I’d love to think that Lonesome Ballroom, a receptive novel about the perils and possibilities of receptivity, might participate in an ongoing receptify-ing of our literature, that it might prove one of many “weird” books that make our broader tradition stranger and therefore stronger, more strapping. Maybe I’d locate it in a sub-tradition of weirdos writing weirdly, and a sub-sub-tradition of weird women writing weirdly about women?—in addition to the heroes I’ve mentioned, I’d love to think LB is conversing with works by Nathalie Léger, Anna Moschovakis, Hilary Plum, Catherine Lacey, Sarah Shun-lien Bynum, Giada Scodellaro, Leni Zumas, Lucy Ives, Christine Smallwood, my beloved Caryl Pagel, so many more!!! This sub-sub-tradition, which often involves remaking familiar story shapes so that they might better contain women’s experiences, has a long and august history (cf. Sleepless Nights or To the Lighthouse or The Golden Notebook), but I felt like it was becoming even more “robust” during the time I was working on Lonesome Ballroom. This is the age of the All Fours group chat, after all (hahahahaha this is also the age of Dobbs)!?
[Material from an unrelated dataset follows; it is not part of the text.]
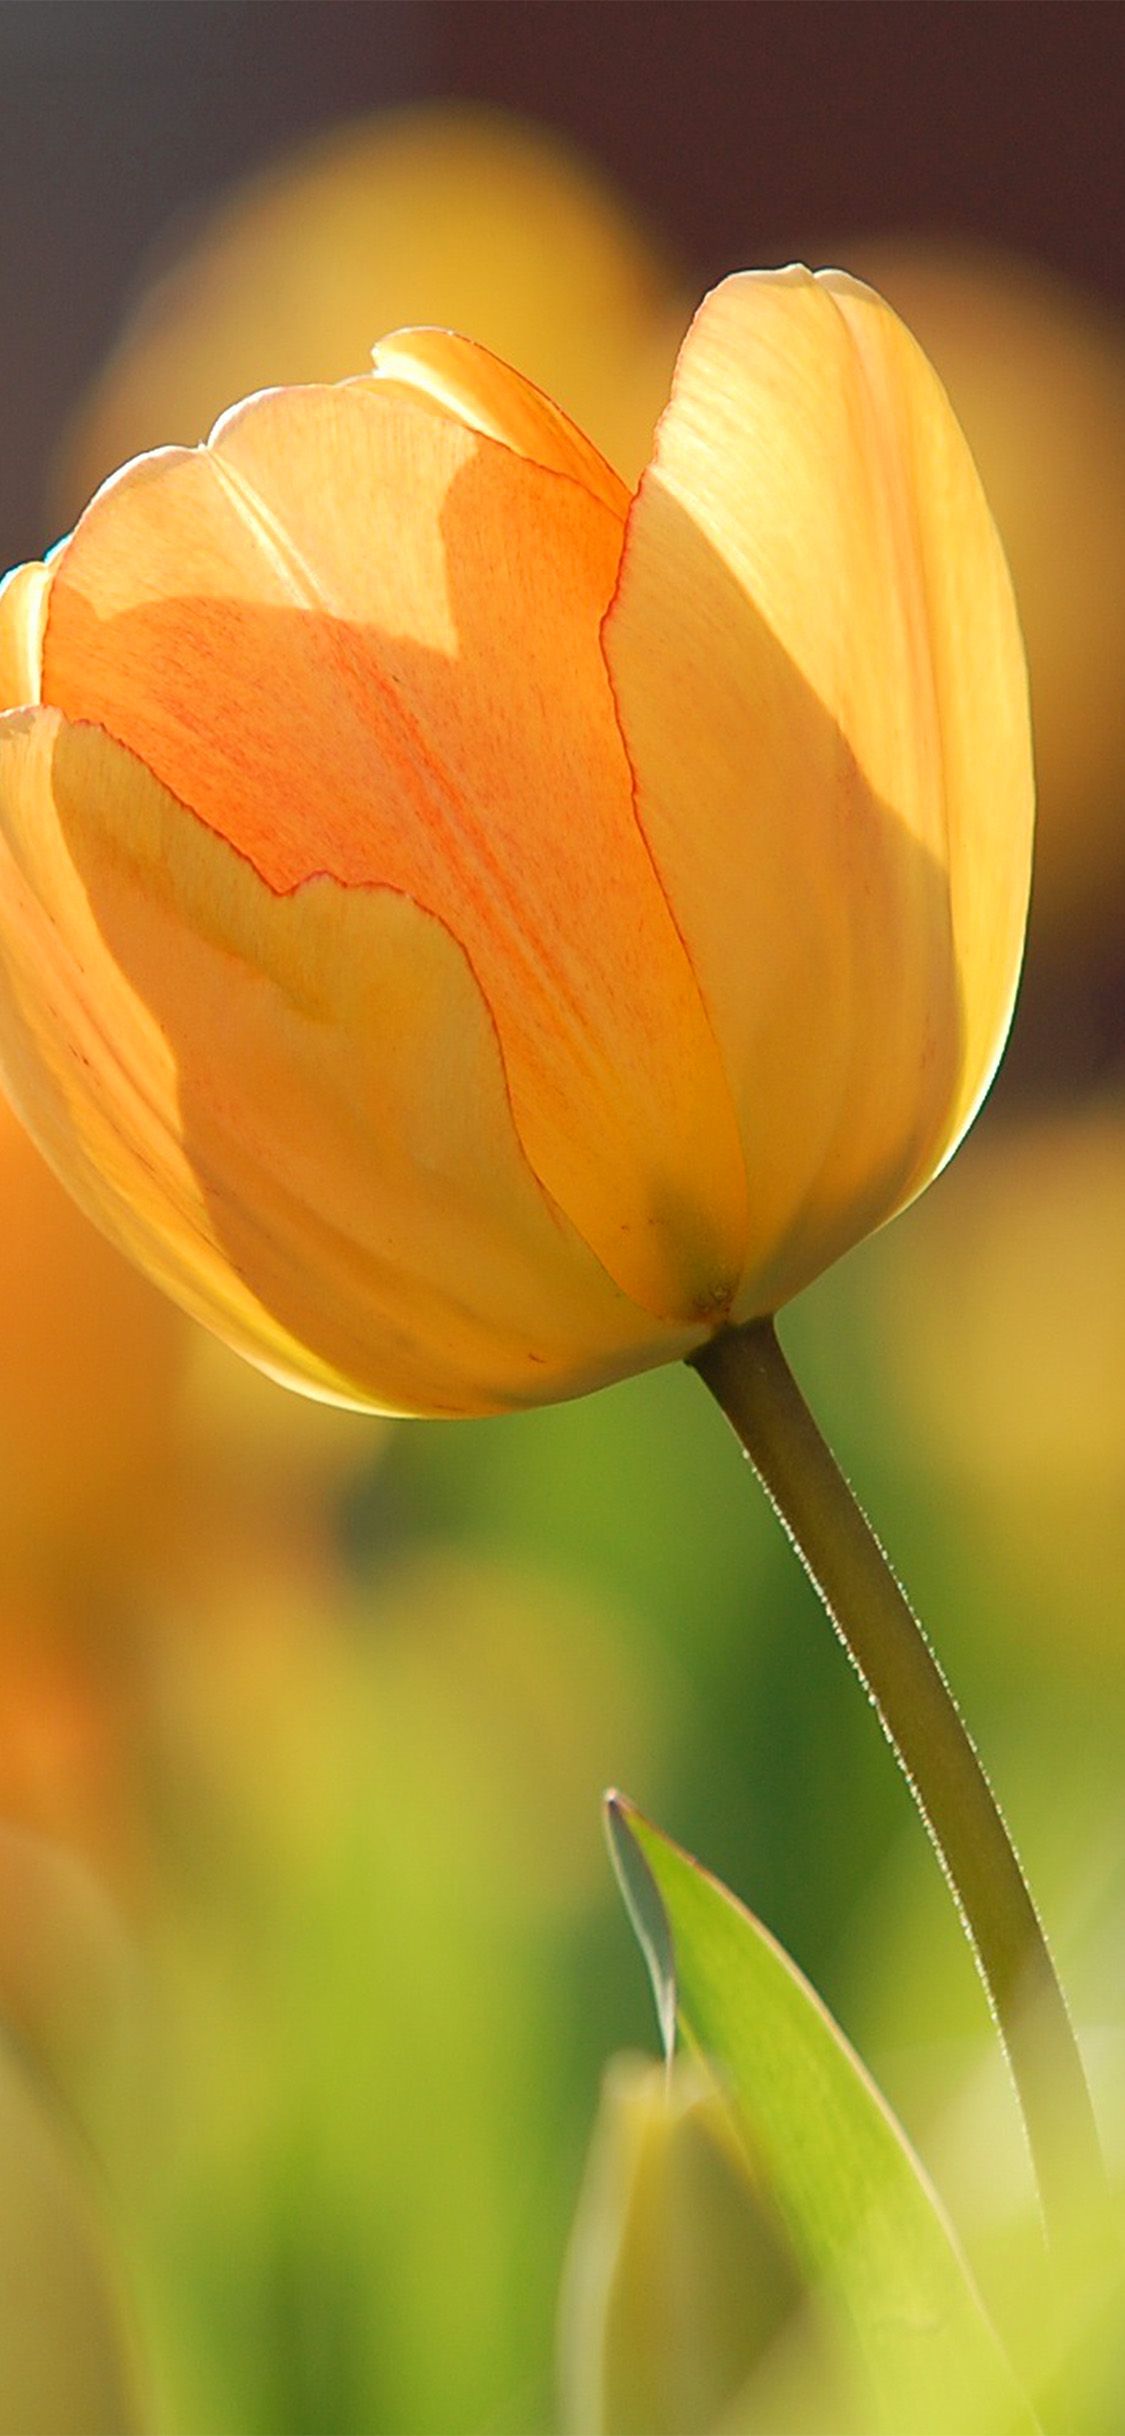 iPhone 6 Wallpaper Flowers Tulips

“The puny kapow of the driver’s-side door…”; “The main green gleamed smugly, and I lived in a swirl, no future”; “Yes, I can see it now, that quiet apocalypse of apologies and almost-accusations”… Where do you get your sonic sensibility from?
Well, when I was a kid and my mother needed to work, she’d start reciting Chaucer until I stopped bothering her. Which had me retreating to a basement playroom with iambic pentameter in my ear. There, I’d make up my first stories, which starred, duh/ugh⁴, Barbies, and were scored by a discarded LP of my dad’s that skipped away on his discarded stereo. The fateful sound that accompanied my first story-sounds? Ella Fitzgerald Sings the Cole Porter Songbook, vol. 2., an album I still revere. Repeat listens to its delightful de-lovelies alongside rhymes like Mahatma Gandhi / Napoleon Brandy, all while I structured undoubtedly fucked Barbie-Ken dramas, may have had some effect. I guess I can blame my parents for not keeping me stocked in Montessori blocks and John Cage!?

What are you working on next? And what are you reading right now?
Well, I was stuck so long in this solitary ballroom that I’m kind of terrified to linger anywhere. So I’ve started not one—not two—not three—but four!!!!—different books, thinking that if the suckage and stuckage starts in one doc I can just switch? So far, this mostly means that I never know what I’m supposed to be doing, so I don’t do anything.
I am reading, though… I just finished On the Calculation of Volume I & II by Solvej Balle, whose slow remaking of language via repetition and subtle rearrangement I appreciated. Now I’m onto Bitter Water Opera by Nicolette Polek, who makes elision look easy, wtf!? Also reading a lot of Robyn Schiff because I’m curious about how objects (as opposed to events or characters) might drive a text. Hoping to read Vibrant Matter soon…
Miles Mikofsky is a poet and translator. He’s studied Arabic in Fes, Amman, and at the University of Chicago. He is a recipient of the Lamont Younger Poets Prize (2017).